The track is a power ballad with a more polished sound in comparison to Heart's previous work and was the band's first single on which Nancy Wilson performed lead vocals instead of Ann Wilson. According to The Billboard Book of Number One Hits by Fred Bronson, when it came time for Wilson to record her vocals, she was suffering from a cold and sounded somewhat raspy and gravelly. After the song reached commercial success, producers reportedly wanted Wilson to recreate the vocal style on future recordings, asking her: "Can't you just get sick again?"

Composition
The liner notes of Heart state that the track was dedicated to Wilson's good friend Sharon Hess, who died from leukemia shortly before it was released. The lyrics of the track describe the fantasy world a woman enters, every time she sleeps, when faced with a difficult situation in life.

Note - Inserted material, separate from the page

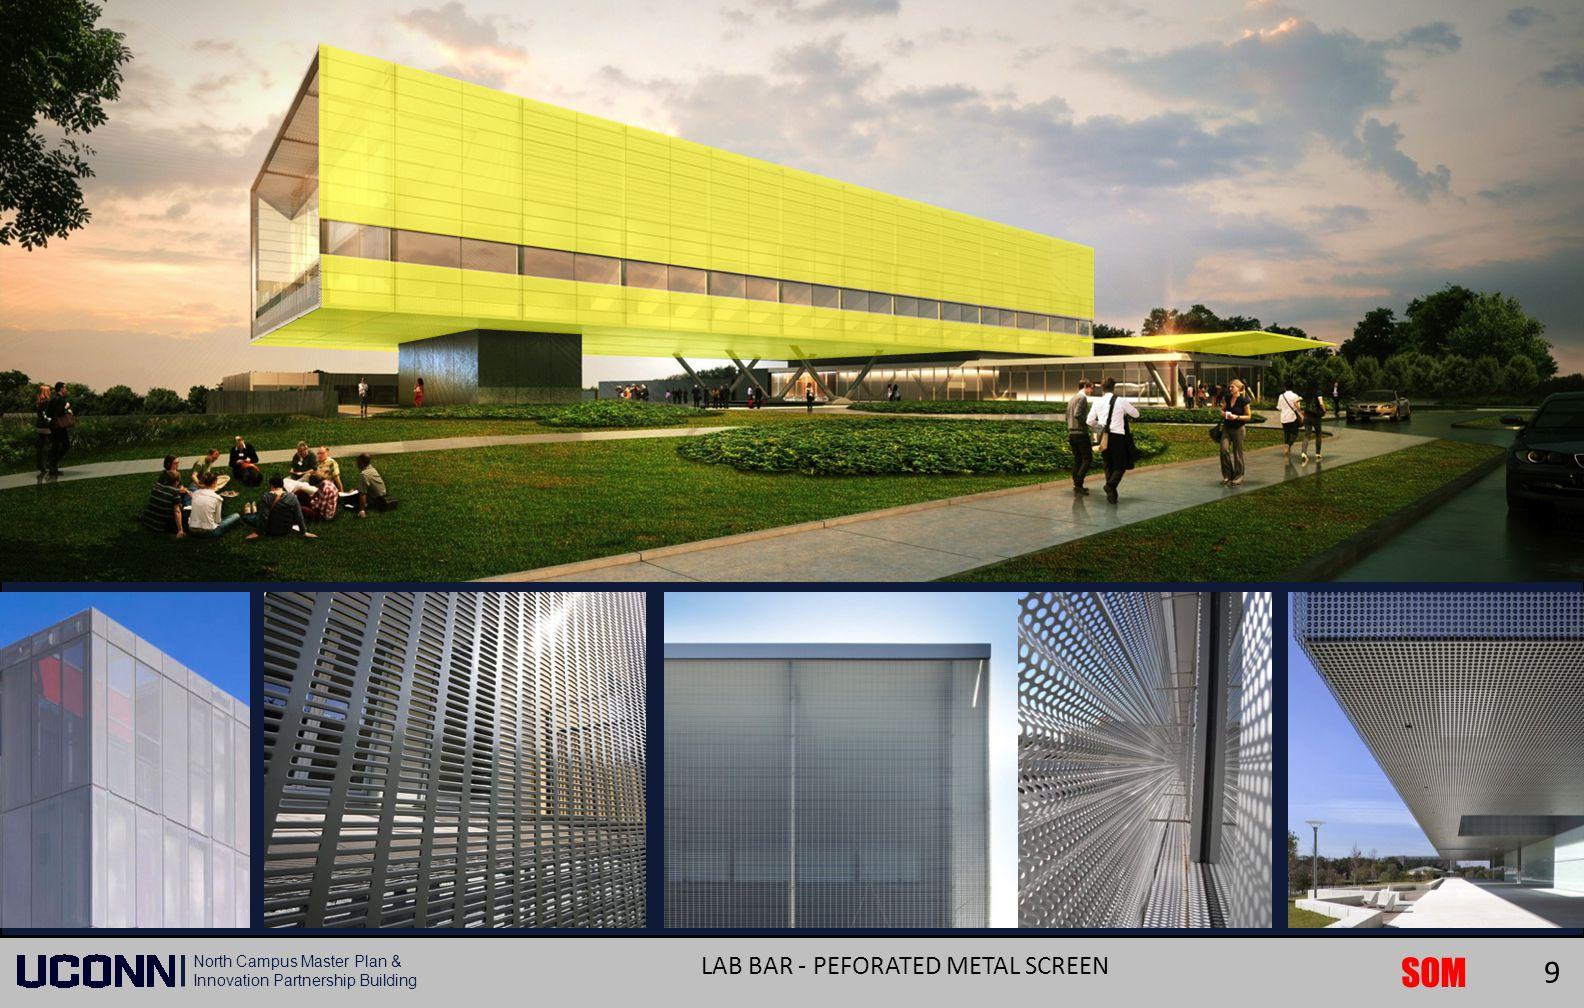 SOM North Campus Master Plan & Innovation Partnership Building LAB BAR - PEFORATED METAL SCREEN 9
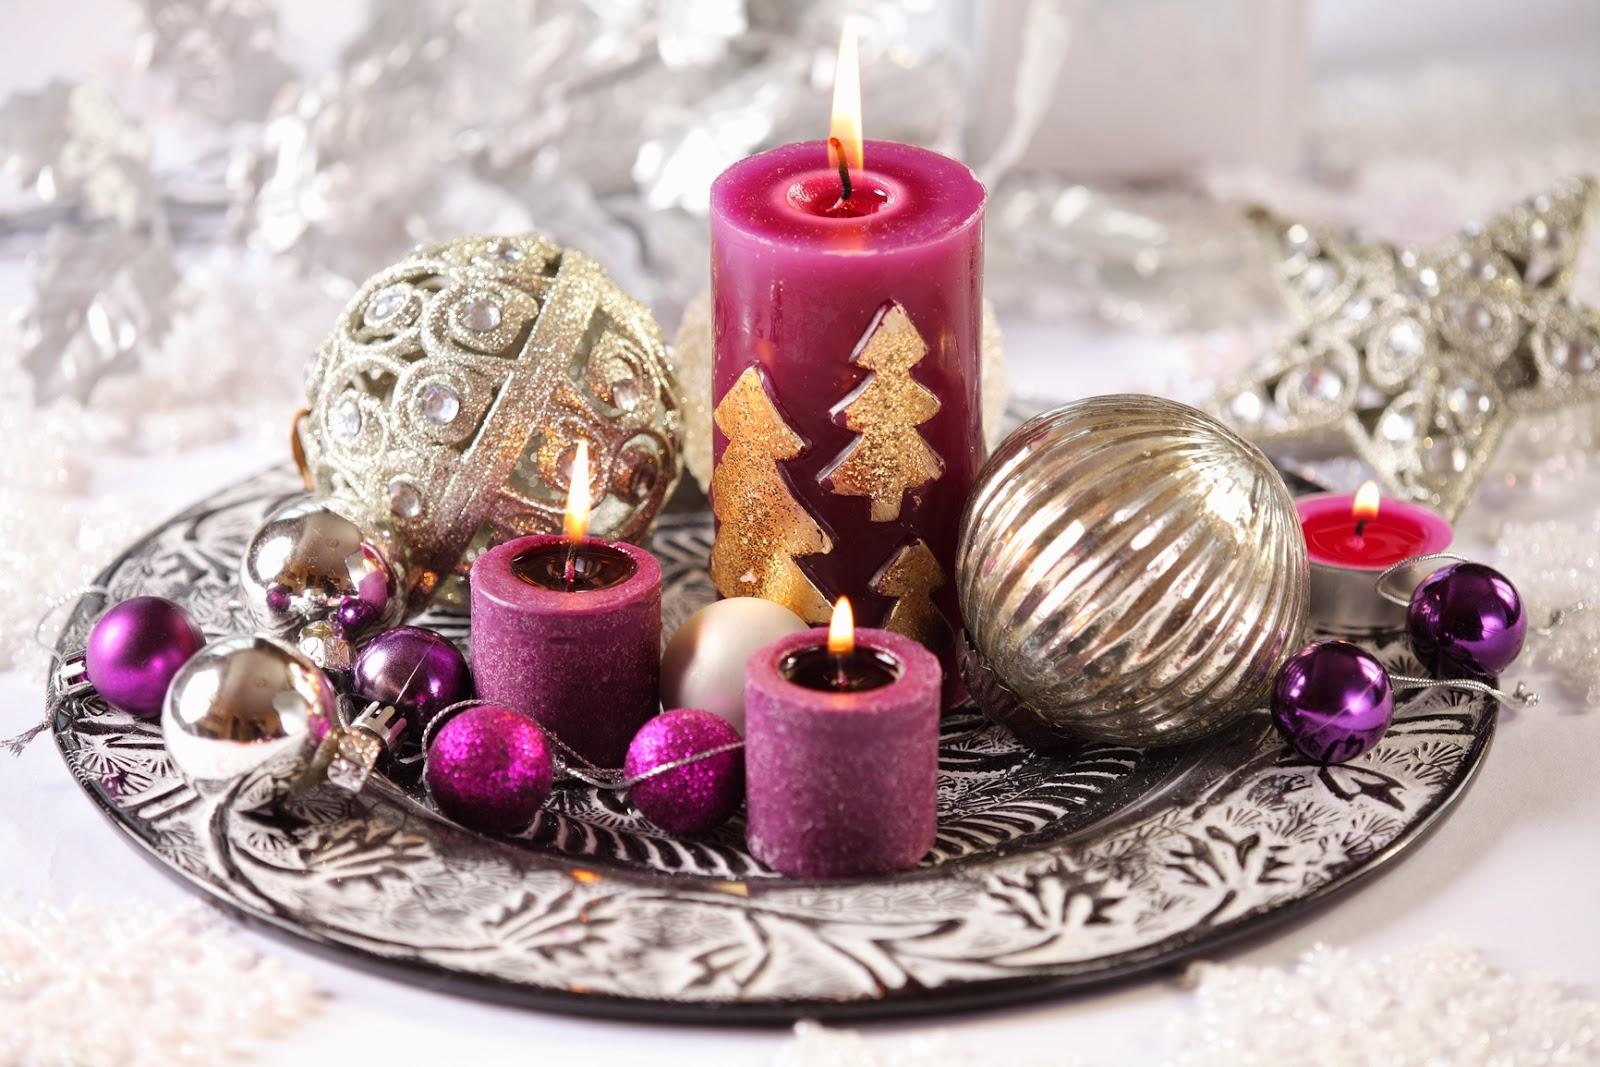 ♥★One day... PARADISE ★♥ - Página 39 Imagenes-para-Navidad-postales-navide%25C3%25B1as-+%25282%2529

The anthemic chorus of the song is performed in the key of B major with a tempo of approximately 79 beats per minute. The verses are in G# minor, modulating into the relative major for the chorus.

Reception
Cash Box called it "a tender, forlorn song which features a rare lead vocal appearance by Nancy [Wilson]."

Commercial performance
The track was released as the third single from Heart. Following two consecutive US Top 10 singles, it elevated the band's success, becoming Heart's first single to reach number one on the Billboard Hot 100 on March 22, 1986. It also became Heart's first and only number-one song on the US Adult Contemporary chart In the United Kingdom, the single initially peaked at number 62 on the UK Singles Chart, but, following the success of the band's 1987 single "Alone" in the country, the song was re-released in 1988 as a double A-side with "Never", and reached a new peak of number 8.

Music video
A music video was made for the song, recorded via Capitol Records and directed by Jeff Stein. The clip for the track, which used the single version instead of the album version, received heavy airplay from MTV and was the third of four US Top 10 singles from Heart. This version (slightly shorter) does not have the second strophe of the original verses. 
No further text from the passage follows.